The ?job variable, in this case, will carry either the blank node job entry or the defined job in exactly the same manner. So why use a blank node? In most cases, they're used because creating explicit named resource URIs can be a pain, or because there is no real advantage to working with them outside of the resource context from which they're called. Typically, most RDF triple stores actually optimize blank nodes separately, and insure that blank nodes never collide within the data system itself.

Another advantage is that it simplifies both Turtle and RDF-XML notation. Turtle notation can use the [] square bracket approach (and can even nest such brackets within other blank node expressions). RDF-XML on the other hand can represent blank nodes in two modes. In the denormalized (or embedded) form, the @rdf:parseType="resource" expression is used on the container node to indicate that it should be represented from a blank node:

<resume rdf:about="person:Jane_Doe">
<name>Jane Doe</name>
<job rdf:parseType="resource">
<jobTitle>Architect</jobTitle>
<company>Collosal Corp.</company>
<startDate>2011-07</startDate>
<description>Designed cool stuff.</description>
</job>
..
</resume>

The same expression can also be normalized:

<rdf:RDF>

</resume>

<rdf:Description rdf:nodeID="b0">

<jobTitle>Architect</jobTitle>

<company rdf:resource="company:ColossalCorp"/>Colossal Corporation</company>

<description>Designed cool stuff.</description>

</rdf:DescriptiOn>

...

</rdf:RDF>

The embedded format actually hints at how one can convert XML into RDF - it mostly involves resource references (i.e., company) and using attributes like rdf:parseType (XML to RDF conversion is food for another post).

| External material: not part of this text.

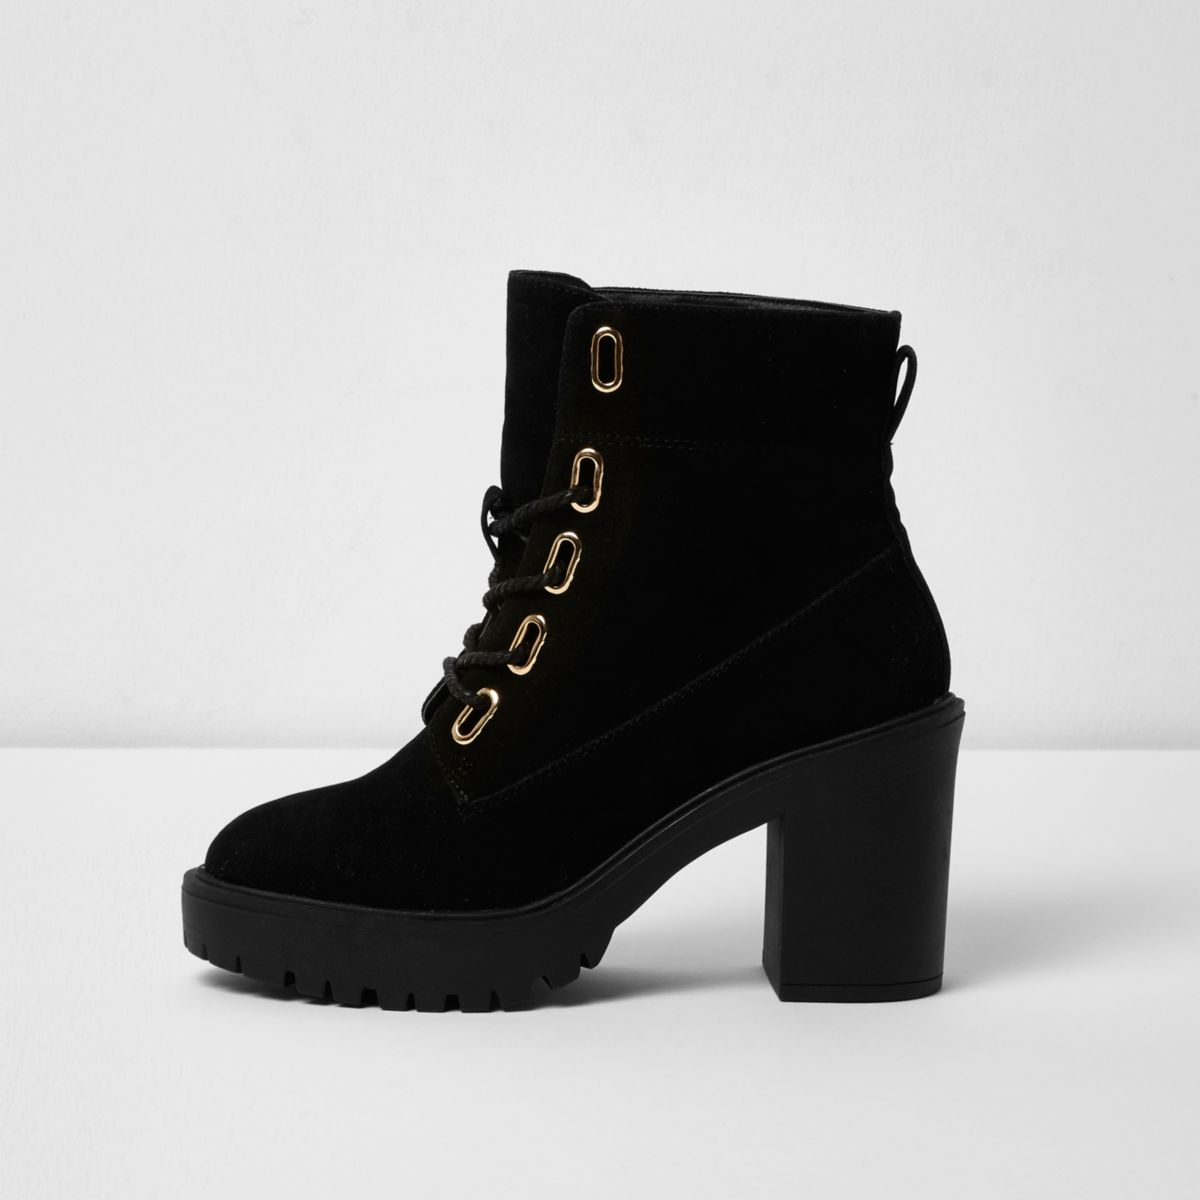 River Island Shoe Boots Sale

Localization with Les Nœuds Anonymes

Blank nodes can actually be very useful for dealing with groups of properties that differ based upon language or locale. RDF utilizes the @lang expression at the end of strings to handle localization, which can work in simple cases, but if there are a number of properties that are all localized (such as prices and currencies) then blank nodes may be a better solution. For instance,

book:The_Art_Of_SPARQL book:bookLocal
[
bookLocal:lang "EN";
bookLocal:locale "US";
bookLocal:title "The Art of Sparql";
bookLocal:price "29.95";
bookLocal:currency "USD";
],

[
bookLocal:lang "EN";
bookLocal:locale "UK";
bookLocal:title "The Art of Sparql";
bookLocal:price "21.95";
bookLocal:currency "GBP";
],

[
bookLocal:lang "DE";
bookLocal:locale "DE";
bookLocal:title "Die Kunst des SPARQL";
bookLocal:price "24.95";
bookLocal:currency "EUR";
].

In this case, the implied bookLocal objects are blank nodes. You can then retrieve the title, price and currency of a book in a different locale if the US book title is known:

select ?title ?lang ?price ?currency where {
bind ("DE" as ?locale)
bind ("The Art of SPARQL" as ?usTitle)
?book book:bookLocal [
bookLocal:title ?usTitle;
bookLocal:locale "US"].
?book book:bookLocal [
bookLocal:locale ?locale;
bookLocal:title ?title;
bookLocal:lang ?lang;
bookLocal:price ?price";
bookLocal:currency ?currency".
].
}

This produces the results:

?title	?lang	?price	?currency
"Die Kunst des SPARQL"	"DE"	"24.95"	"EUR"

This information can, depending upon the SPARQL engine, be output as JSON or XML. This approach can also be useful for dealing with triples where the object is itself an XML node (such as XHTML content) where different languages are involved, since the XMLLiteral type can't directly take a @lang type extension. I use such blank node assignments quite frequently for precisely that kind of issue, making data modeling when dealing with localization considerably easier.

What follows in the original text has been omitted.